One type of Twitter card is the summary with large image, which displays a large image alongside your link. These cards display images with a 2:1 aspect ratio, and if your image is a different aspect ratio, it gets cropped to fit.
If you let Twitter pick the crop, they pick a 2:1 rectangle from the middle of the image. They used to use machine learning to pick the “interesting” part of the image, but apparently it got phased out after accusations of bias. This can give some unfortunate results:
The card on the left is using a square image which was cropped by Twitter, so half of Lauren’s face is cut off. The card on the right is using a rectangular image which was cropped by a person, and now the face is visible. The Wellcome Collection editorial team create several crops of every image, so we can use different sizes of image in different places – we had to change our card to use the 2:1 crop, not the square crop.
This is an extreme example, but it proves a general point: crop your card images yourself, don’t let Twitter crop them for you.
Twitter cards on my blog have been broken for a long time, and I wasn’t sure why. In particular, cards would display, but they didn’t have any images attached:
I started by running my pages through the Twitter Card Validator. It’s a useful tool for testing cards – you give it a URL, and it shows you what the card for that page would look like. Unfortunately, it didn’t give me any helpful errors – it just showed me the card, sans image.
Reading Twitter’s troubleshooting documentation, I wondered if it was a silent error in my meta tags, or maybe something in my robots.txt
was blocking Twitter’s crawler. Could I rule those out? Something from work gave me an idea to do just that.
We use a tool called ngrok to expose locally running web apps on the Internet. It’s useful when you want to share your work quickly: you spin up a local web server, then tell ngrok you want to publish that port. ngrok gives you a publicly visible URL, which tunnels to your local web server, and you can send that to somebody in Slack. When they click the URL, they connect to your local server.

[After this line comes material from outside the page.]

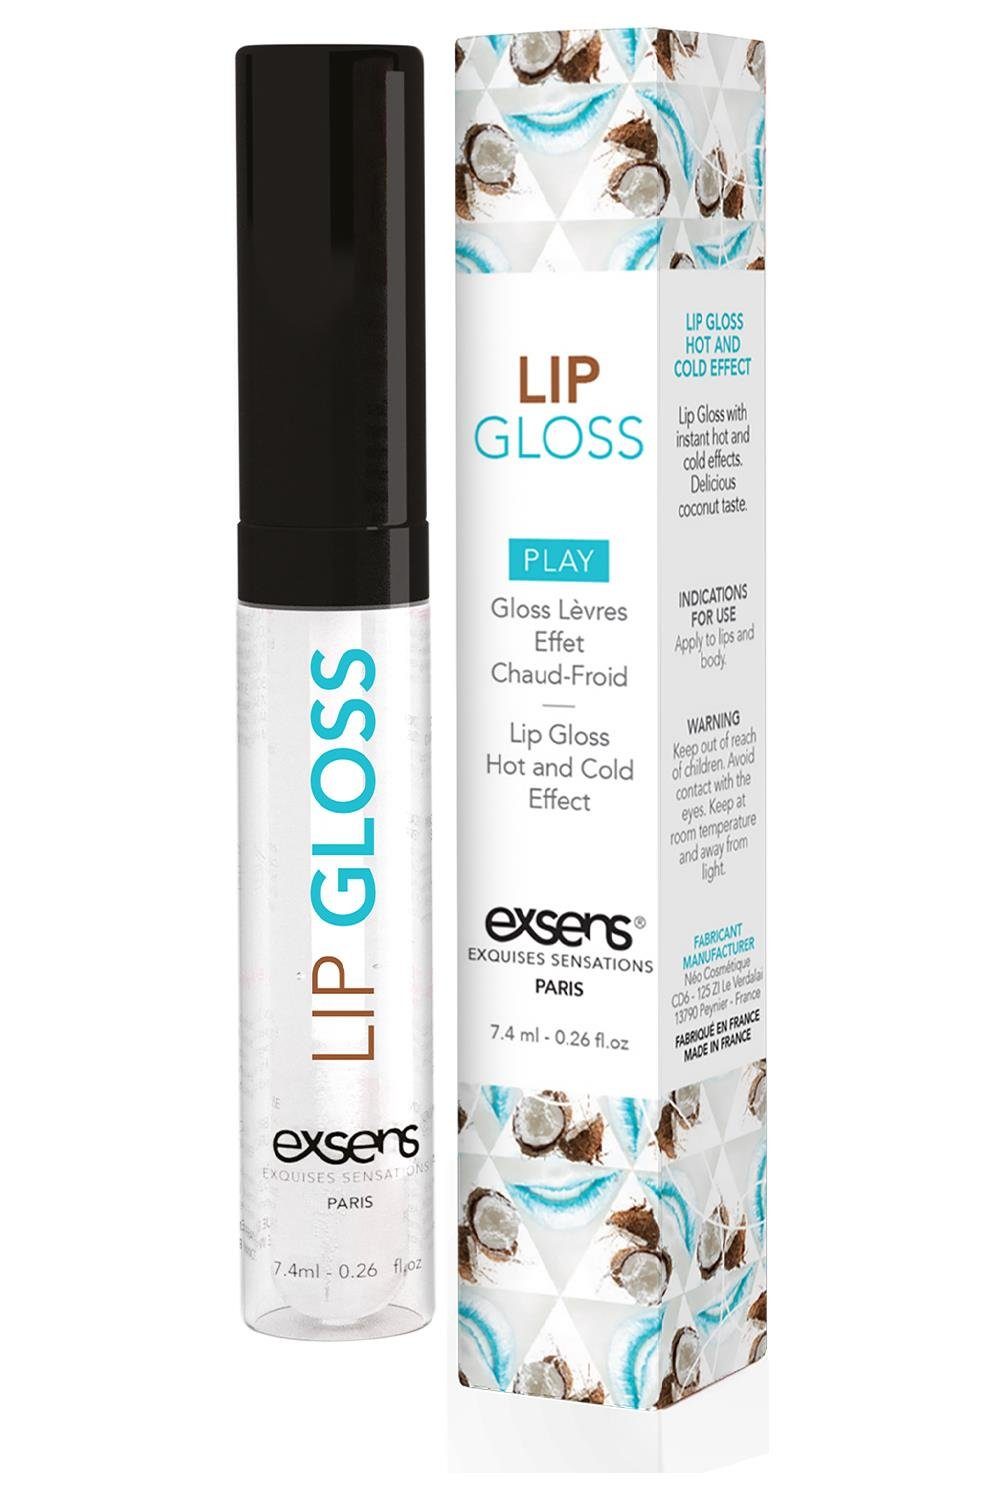 Coconut Exsens Gloss klebrig Exsens Kiss Lipgloss Lip Farblos, nicht Hot 7,4ml,

I ran my blog on a local web server, shared it through ngrok, put the public ngrok URL in the Twitter card validator… and the card worked perfectly.
This was a big discovery: I could rule out a lot of possible mistakes. My meta tags are correct and my robots.txt
isn’t blocking Twitter’s crawler, so something else is.
Because you get a different URL every time you run ngrok, it bypasses a lot of Twitter’s caching. I’ve had issues in the past – even with the validator – where I change the markup on the page, but Twitter fetches a cached version of the card, and displays the wrong thing. I can imagine using this to test other changes to cards in the future.
If my page markup is correct, then Twitter is struggling to get to the page. That points to the nginx server that hosts my blog as the culprit. I was confused at first, because I run multiple websites from the same server, and only some of the pages were having Twitter card issues.
Then I had a glance at my server logs, which showed me the issue:
[17/Feb/2022:13:37:18] "GET /2022/02/safari-tabs/ HTTP/1.1" 200 5790 "-" "Twitterbot/1.0" "-"
[17/Feb/2022:13:37:19] "GET /images/profile_red.jpg HTTP/1.1" 200 31857 "-" "Twitterbot/1.0" "-"
[17/Feb/2022:13:23:58] "GET /2021/10/redacting-pdfs/ HTTP/1.1" 200 4260 "-" "Twitterbot/1.0" "-"
[17/Feb/2022:13:24:06] "GET /images/2021/redaction_cover_image.png HTTP/1.1" 200 196331 "-" "Twitterbot/1.0" "-"
For the first page, Twitterbot fetches the image within a second, and the card works. For the second page, it takes about eight seconds to fetch a larger image, and the card doesn’t work. Wherever Twitterbot is located, it’s taking too long to fetch the image – and so it’s not showing it in the card.
I don’t know why nginx is so slow – the second image is only a few hundred kilobytes, still small by modern web standards. I could spend time fine-tuning my nginx config, but I don’t know much about it and in 2022 it’s harder and harder to justify running my own web servers.
I took this as the push to migrate my blog to Netlify instead. (My web host getting acquired this week helped with that decision.) It’s much faster, and now Twitterbot is happy with my cards.
I use Jekyll to build my blog, which generates static HTML files. Before I publish changes, I always run an HTML linter, which looks for invalid markup, broken links, missing alt text, and so on.
To help me create good Twitter cards, I’ve added a new linter rule. It warns me if my card image is missing, or if a large image doesn’t have a 2:1 aspect ratio:
- _posts/2017/2017-06-07-crossness-pumping-station.md
* Twitter card points to a missing image
- _posts/2019/2019-11-27-my-scanning-setup.md
* summary_large_image Twitter card does not have a 2:1 aspect ratio
This rule is part of my linting plugin. It’s not published as a gem, but if you’d find it useful you can copy/paste it into your own project.